An upcoming municipal election may reveal some clues about the drift of American politics, and about the nature of politics itself.
Political machines thrive, only to die one day. Witness what's happening in Atlanta. Based on both our own InsiderAdvantage surveys, and on a poll by the highly regarded SurveyUSA, it appears that one of America's most powerful municipal political machines is sputtering to a halt -- that of the nearly 40-year reign of African-American mayors in this town.

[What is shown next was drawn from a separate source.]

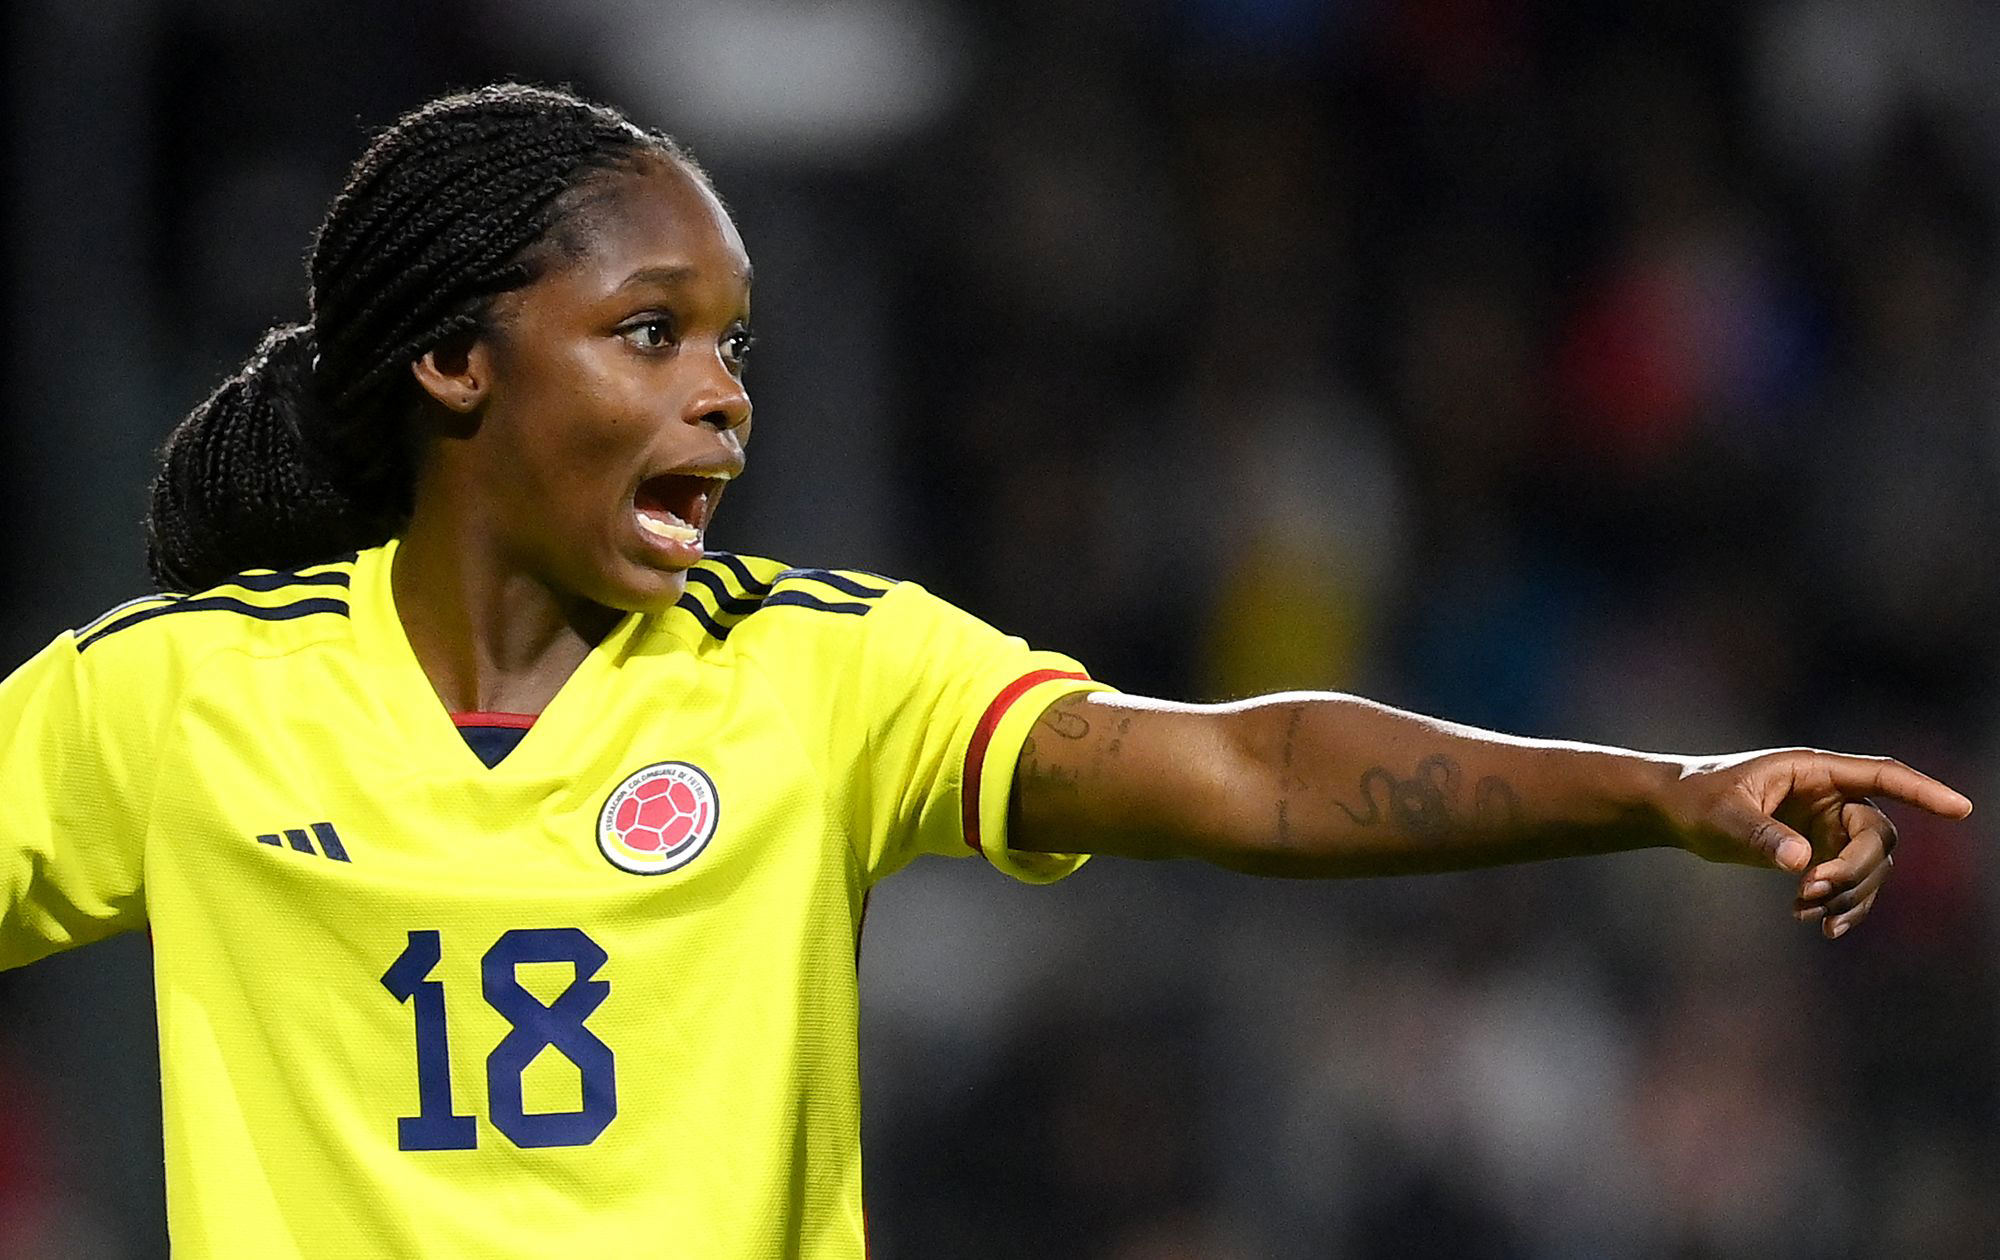 Colombia women’s soccer team roster players, profiles, stars

Atlanta was one of the first major cities in the nation to elect a black mayor, in 1973. It was certainly the first big city in the South to do so. Back then, "white flight" to the suburbs spawned a downtown electorate that was more and more African-American. Beyond that, the city seemed ready to embrace the concept of change that came with the election of a minority to office. The late Maynard Jackson was charismatic, charming and brilliant. He had served as vice mayor before besting the incumbent white mayor in a runoff.
His ascendance started the emerging Atlanta tradition of passing the mayoral torch from one black leader to the next. All this in a town where comparatively tight city limits came to hold roughly half-a-million citizens within a greater metro area of some 5.5 million.
As little as three years ago, you would have been dubbed a political naif had you suggested that a race for mayor here could be leaning towards a fiery, petite white woman with no ties to anything like a downtown machine. Yet the polling in this race points to a spot of apathy among some black voters, even just a year after a record number of blacks turned out for Barack Obama.
Race is always a factor in elections like this. Atlanta has large blocs of both white and black voters, plus a burgeoning tide of other minorities. But race doesn't look to be the determining factor this time. In my judgment, the Nov. 3 vote for Atlanta mayor may well be determined with neither of the two major African-American candidates even making it into a runoff, which would be held three weeks after the initial vote.
Ironically, the bigger theme of the mayoral race that may come to be known as the "upset in Atlanta" is the same one that put Obama in the White House: change.